WhateverTrevor83 · 10/03/2014 17:40

But for what it's worth, do I care more about my relationship than I do about the 'negative effects of the sex industry'? Absolutely.

Would I throw a wobbler and chuck DP out? No.
Would I high five him? No.

Just genuinely surprised at the outrage. But like I say, hope no one who feels this strongly about it ever has to be put in that position.

WhateverTrevor83 · 10/03/2014 17:41

Coventry, or Ibiza... Smile

Jan45 · 10/03/2014 17:43

FolkGirl: would you end it if your partner watched porn?

Paintyfingers · 10/03/2014 17:43

This reply has been deleted

Message withdrawn at poster's request.

WhateverTrevor83 · 10/03/2014 17:44

Painty snap.

FolkGirl · 10/03/2014 17:44

Do I regret my decision... er... no.

Would I make the same decision again. Absolutely.

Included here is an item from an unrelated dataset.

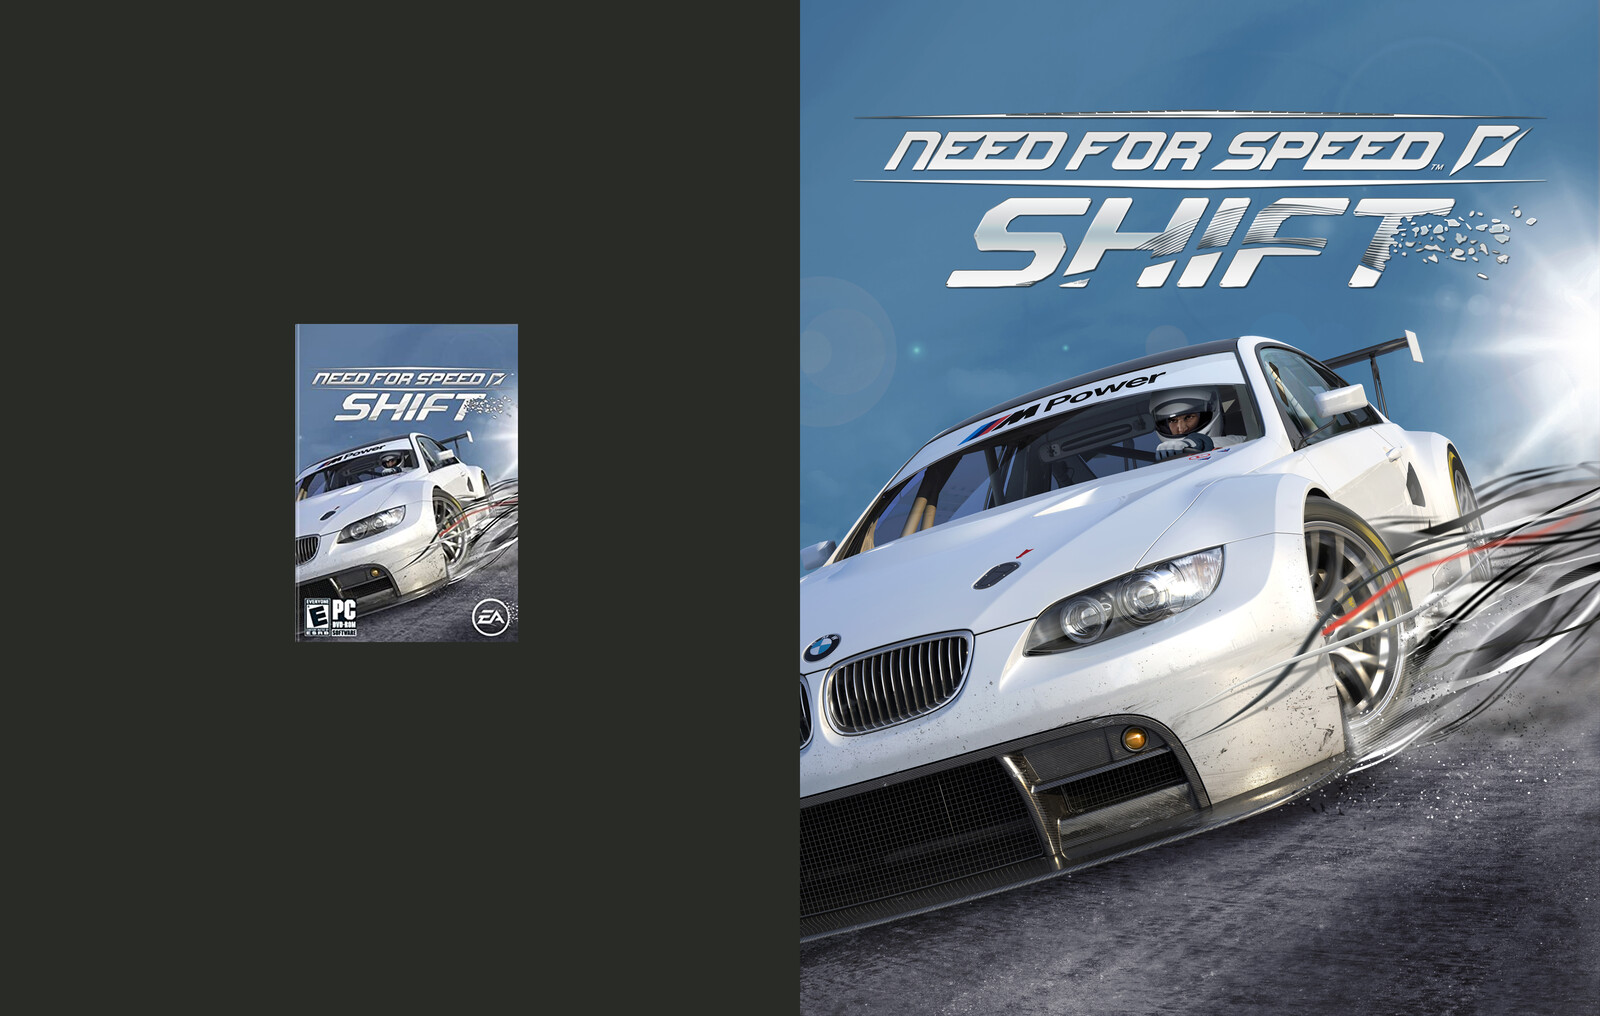 Need for Speed: Shift (Original Scan vs. Poster format)

Would I advise someone else to do the same thing. Tricky one. I don't know. It's a big decision, but if they decided to stay, I think I'd lose some respect for them.

AnyFucker · 10/03/2014 17:45

Perhaps "would you make the same decision again" is a better question, yup Smile

FolkGirl · 10/03/2014 17:45

Jan Yes. Guess I'm going to be single for a very long time...

Painty but surely, if someone loved you, they wouldn't do something so disrespectful in the first place.

Jan45 · 10/03/2014 17:46

Trev: well said.

From my experience, men doing this for the first time are not going into it looking to be turned on and get an erection, it really is nosyness, daftness and a bit of cajoling from friends or colleagues, esp if alcohol is involved.

I'd agree that regular users of LDC probably do get turned on and that's how they get their kicks, I don't see the situation with the OP's OH being that.

FolkGirl · 10/03/2014 17:47

I'm just not sure why it's the woman's responsiblity to keep the relationship together by not ending it because of their partner's disrespectful behaviour more than it is the responsibility of the partner to not be disrespectful.